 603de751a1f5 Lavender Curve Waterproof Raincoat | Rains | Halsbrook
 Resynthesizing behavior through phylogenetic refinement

--

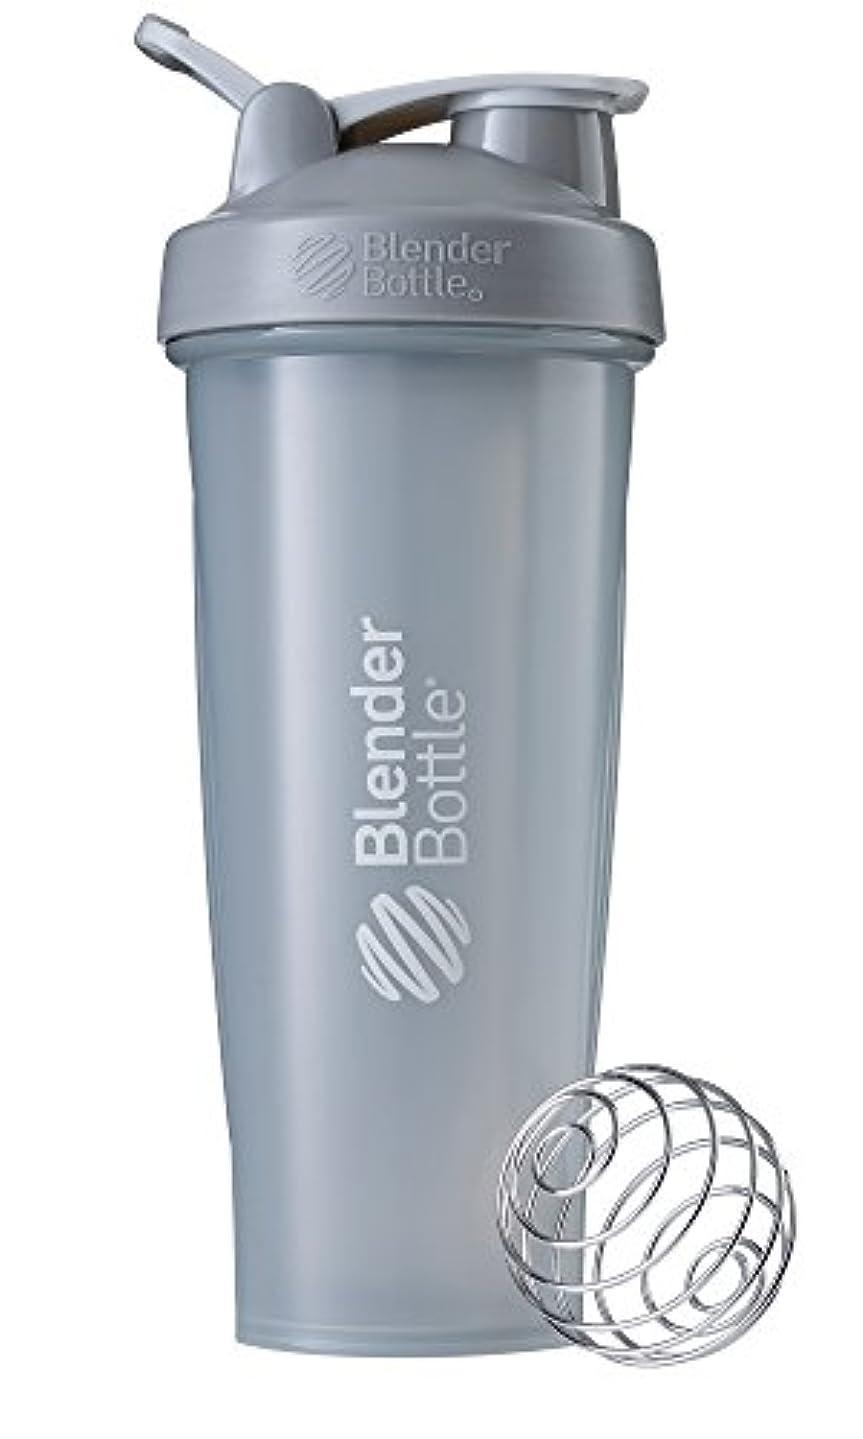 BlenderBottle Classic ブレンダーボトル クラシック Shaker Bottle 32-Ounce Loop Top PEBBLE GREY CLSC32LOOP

...

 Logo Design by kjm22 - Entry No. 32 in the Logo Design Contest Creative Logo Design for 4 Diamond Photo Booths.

_YOUR GOAL:_ Take the line above containing "603de751a1f5 Lavender Curve", the line containing "Resynthesizing behavior through", and all lines in between, and copy them exactly without anything else.

_ANSWER TO THIS TASK:_
 603de751a1f5 Lavender Curve Waterproof Raincoat | Rains | Halsbrook
 Resynthesizing behavior through phylogenetic refinement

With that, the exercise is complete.